### Problem requirements
Copy the listing below exactly. Pictures stay out of it.
START Supplied information
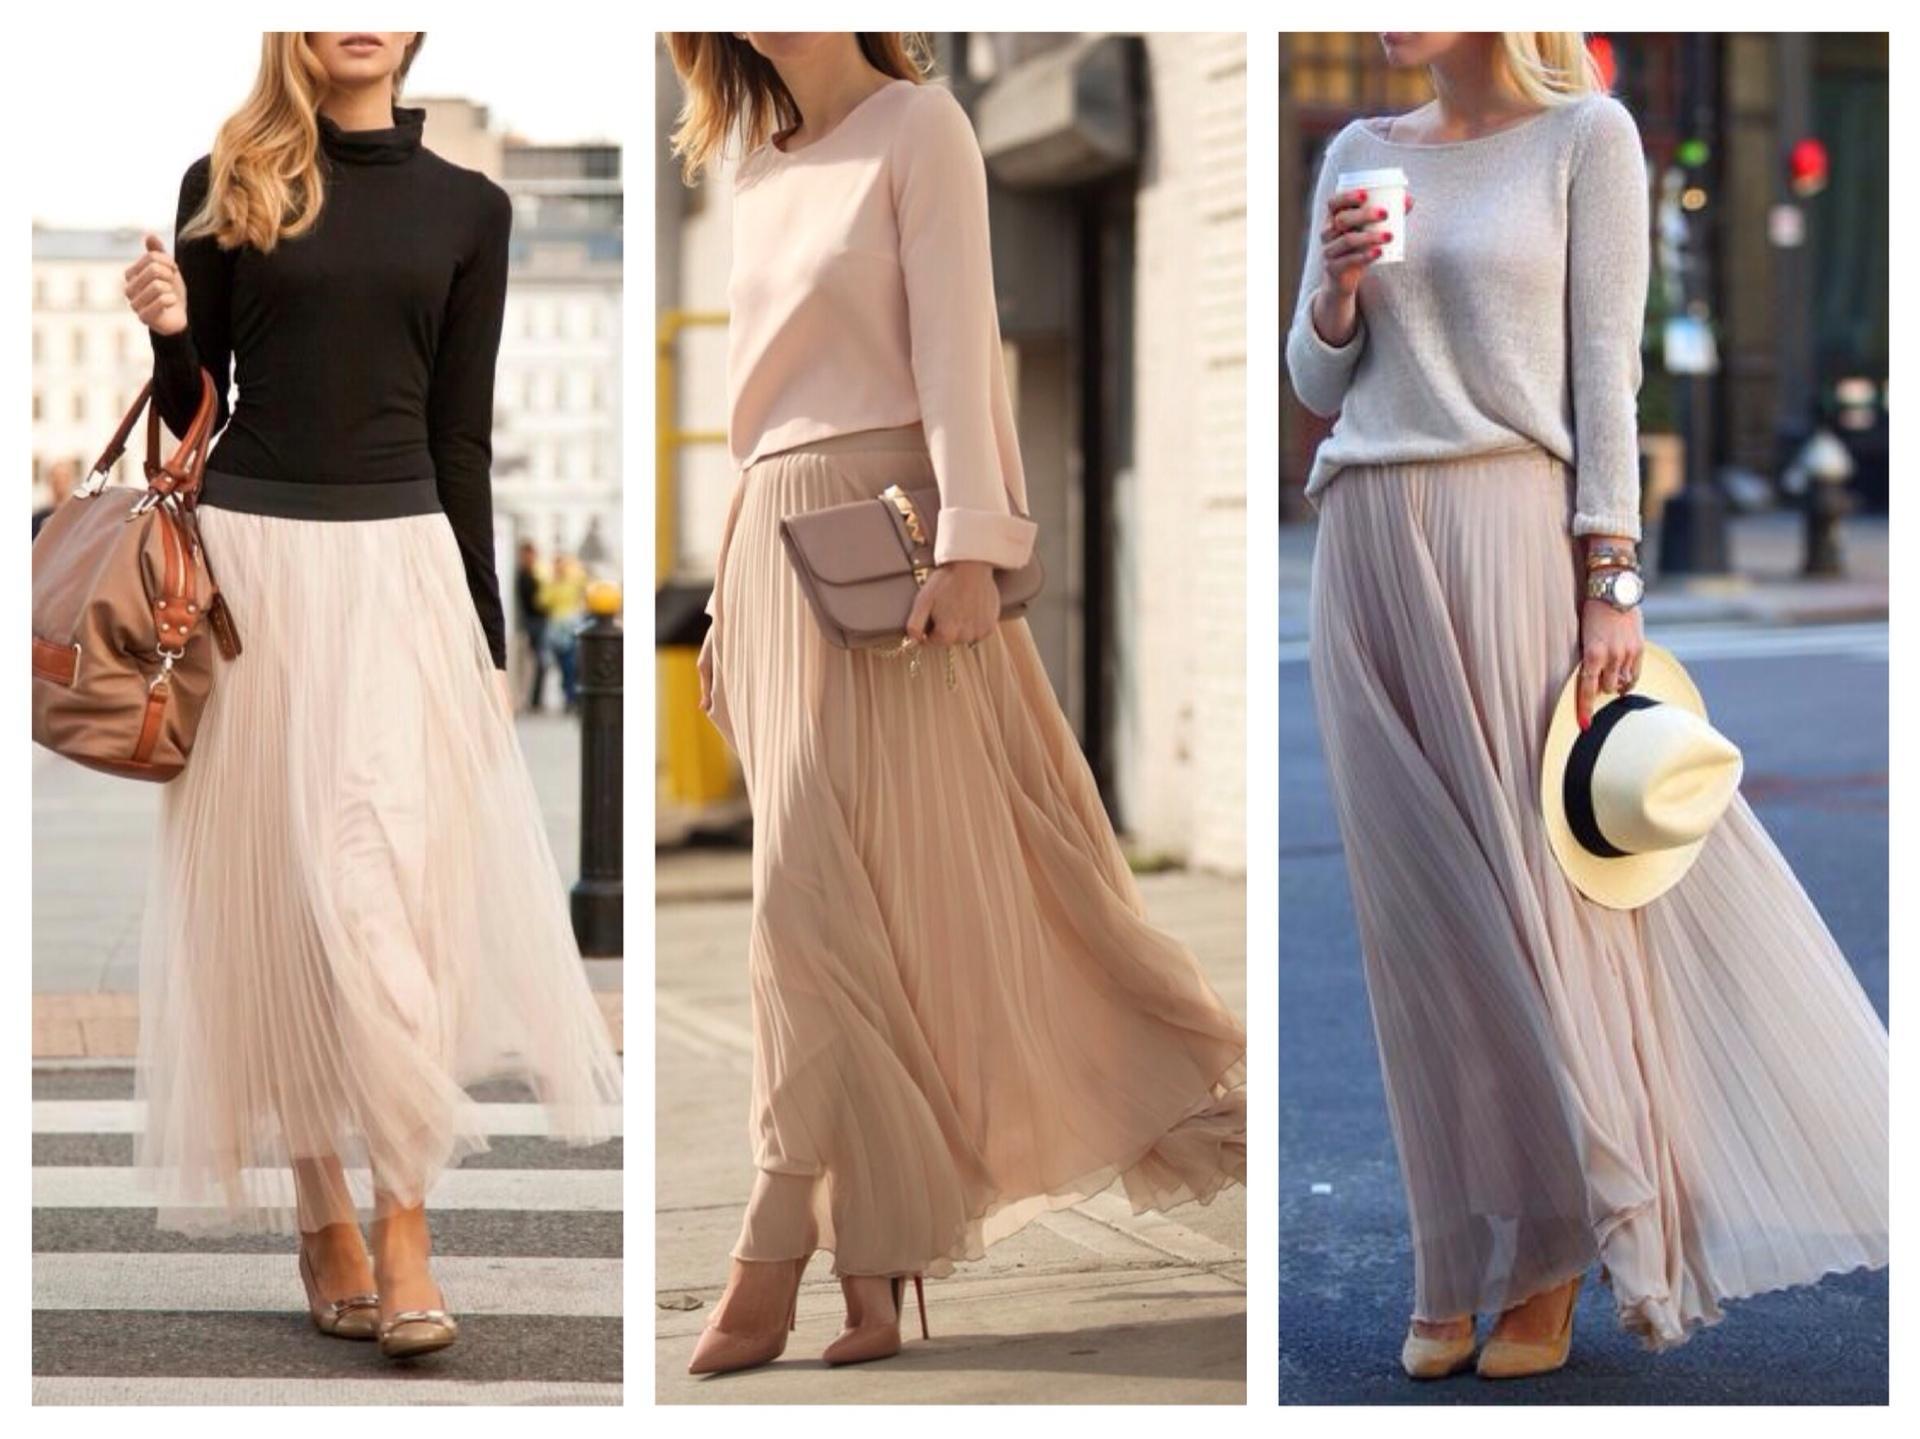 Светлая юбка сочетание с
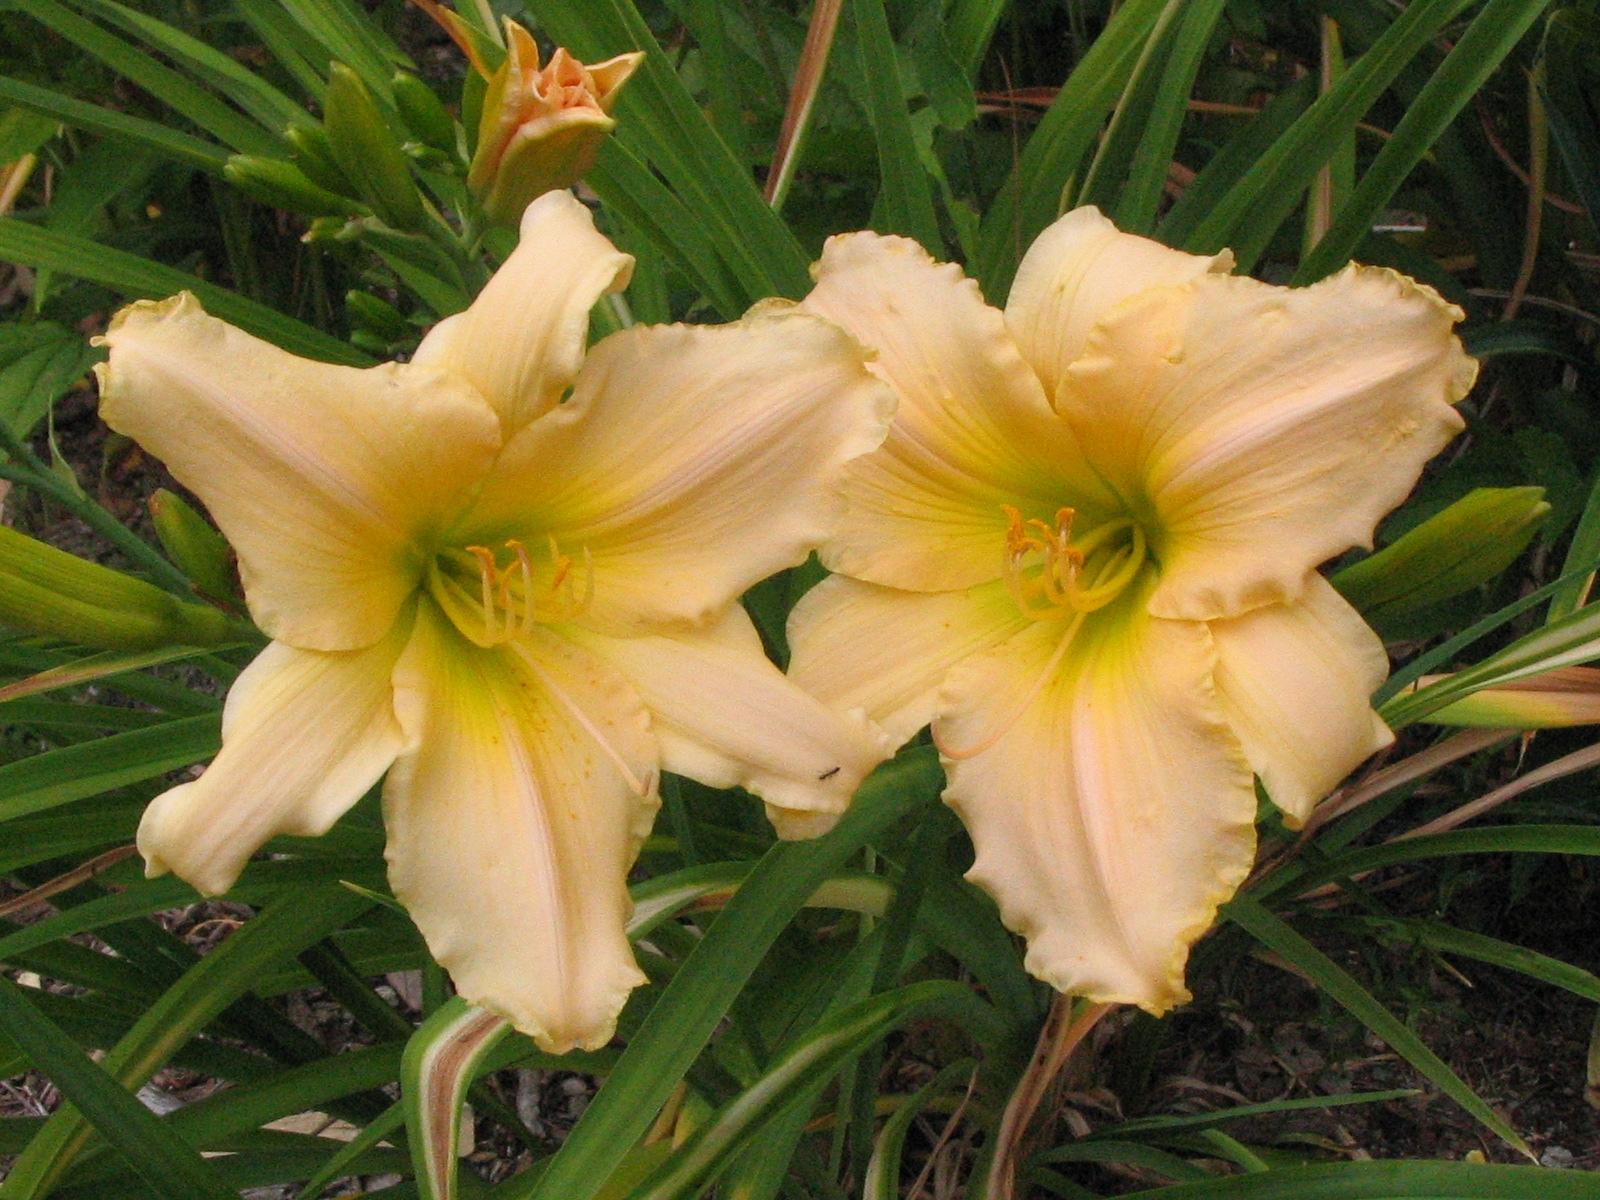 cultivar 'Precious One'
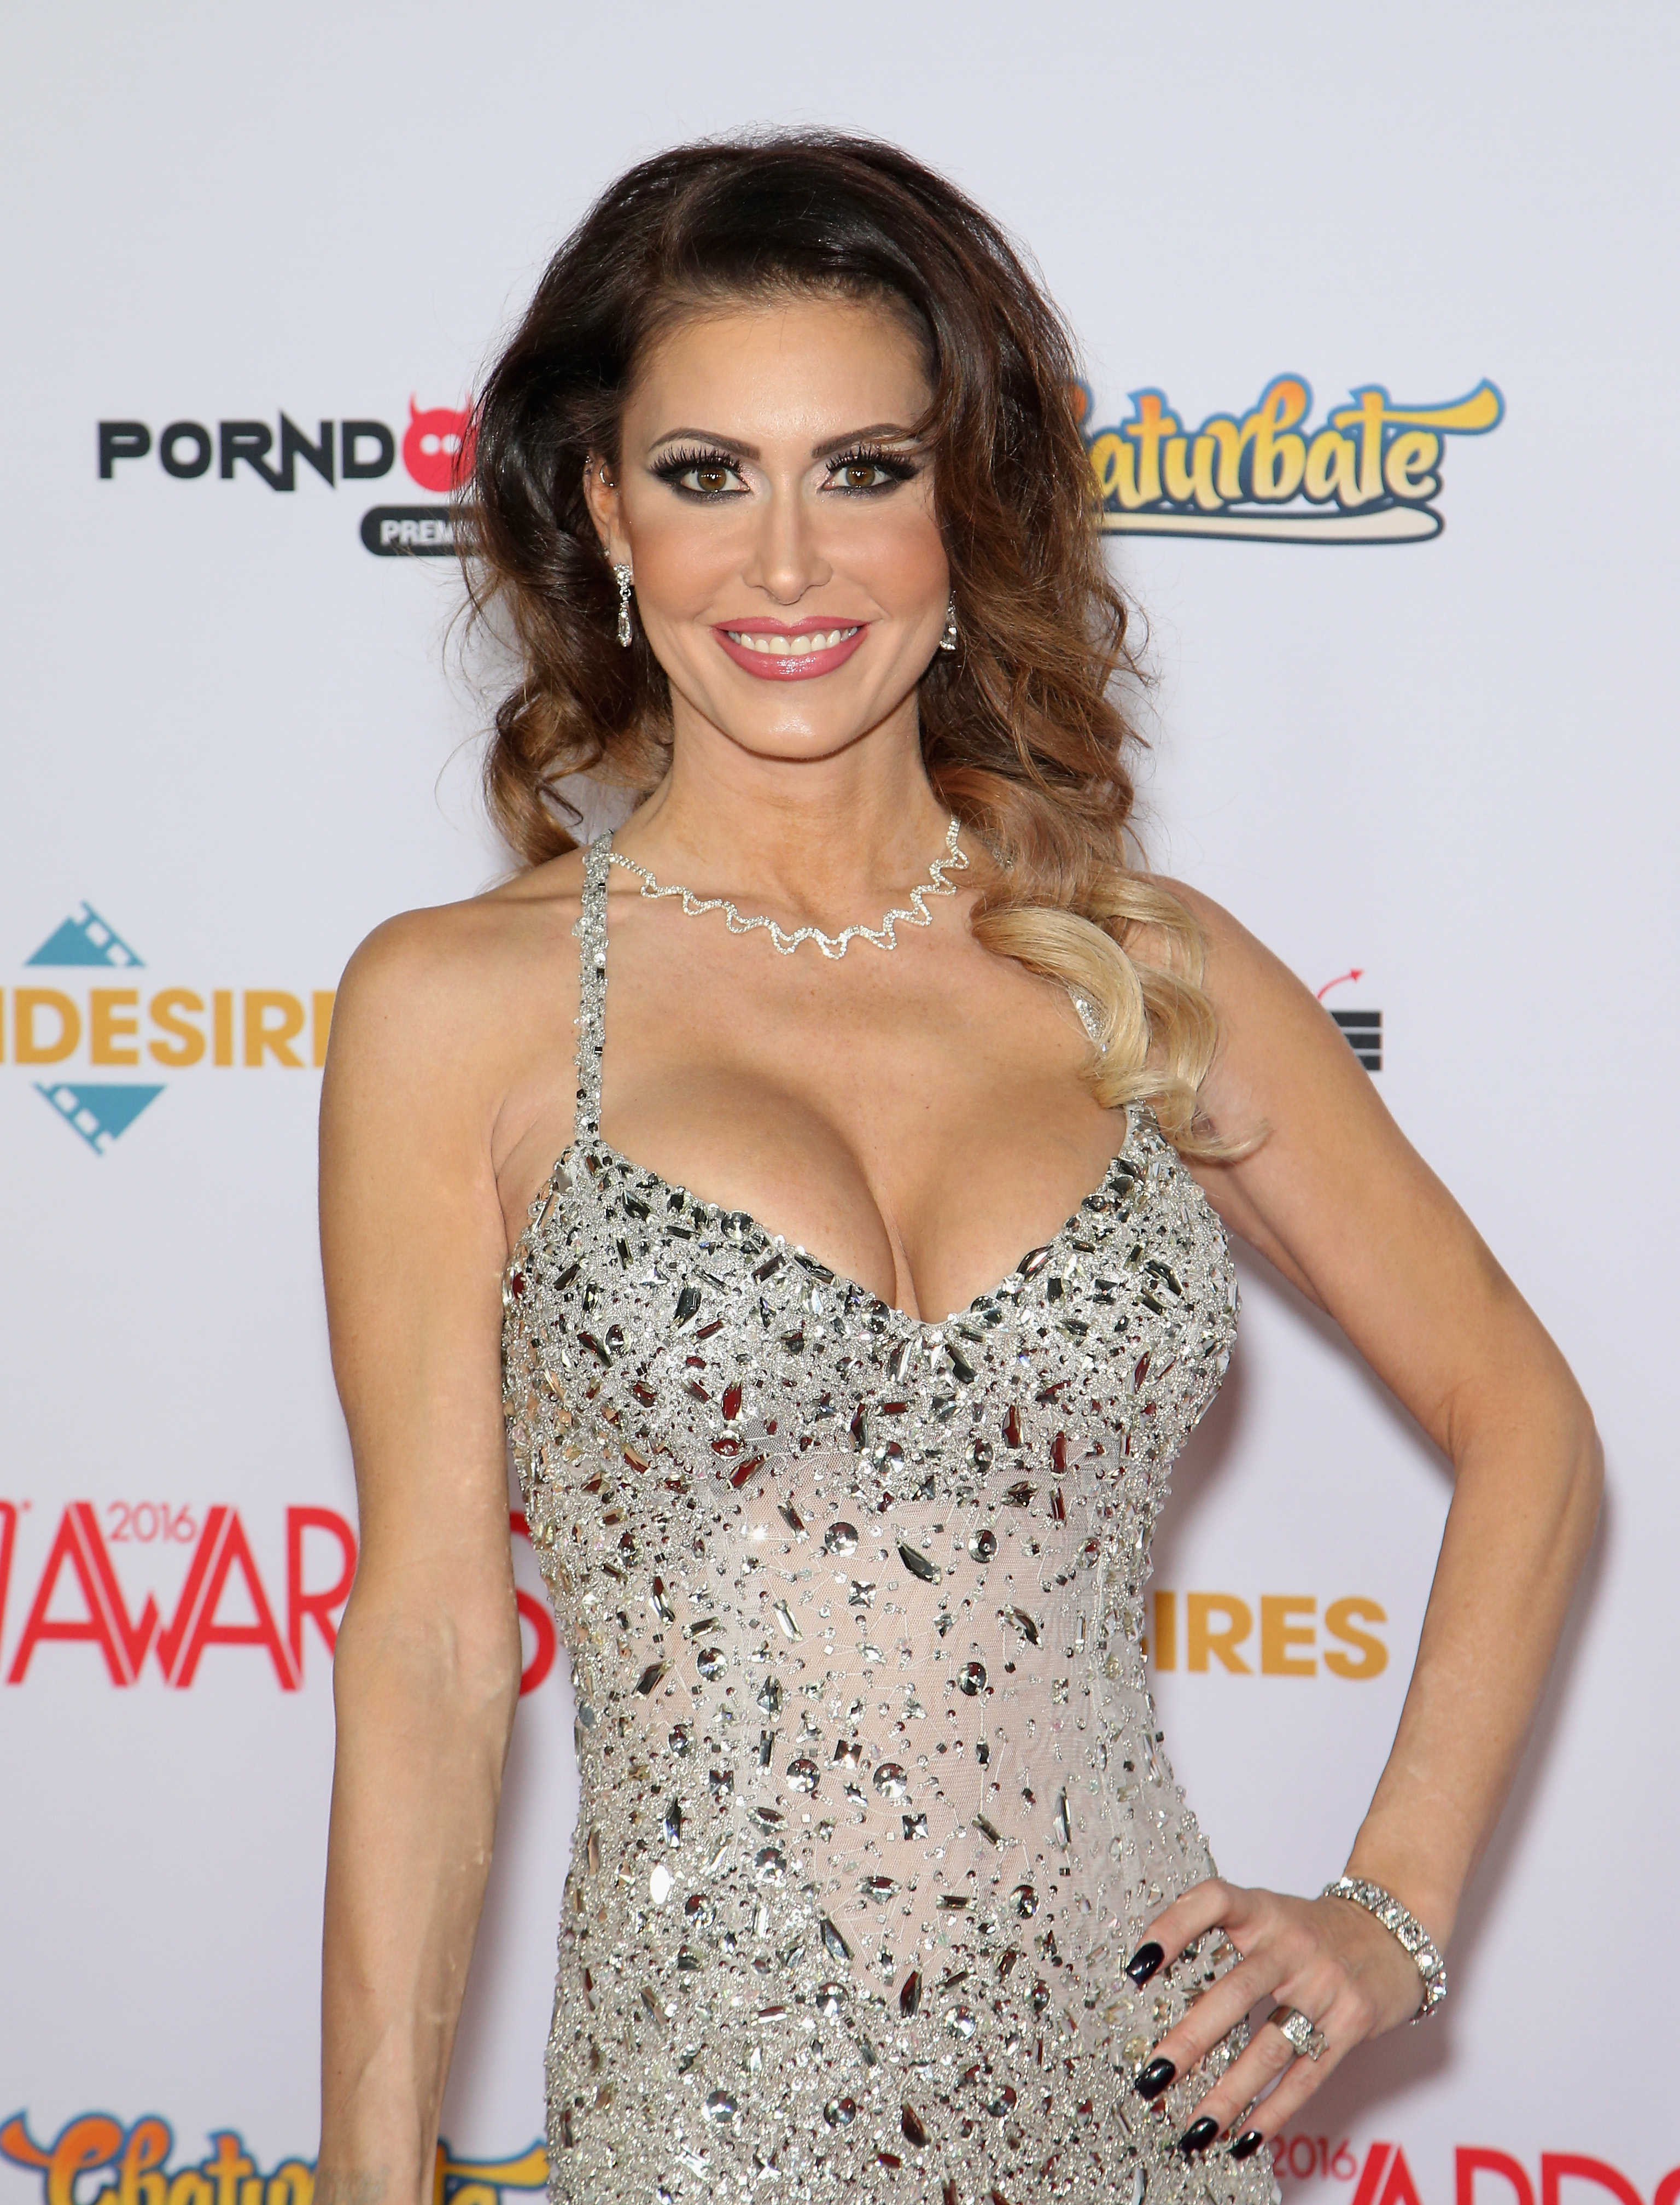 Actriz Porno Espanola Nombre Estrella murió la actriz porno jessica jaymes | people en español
END Supplied information
### Finished task
 Светлая юбка сочетание с
 cultivar 'Precious One'
 Actriz Porno Espanola Nombre Estrella murió la actriz porno jessica jaymes | people en español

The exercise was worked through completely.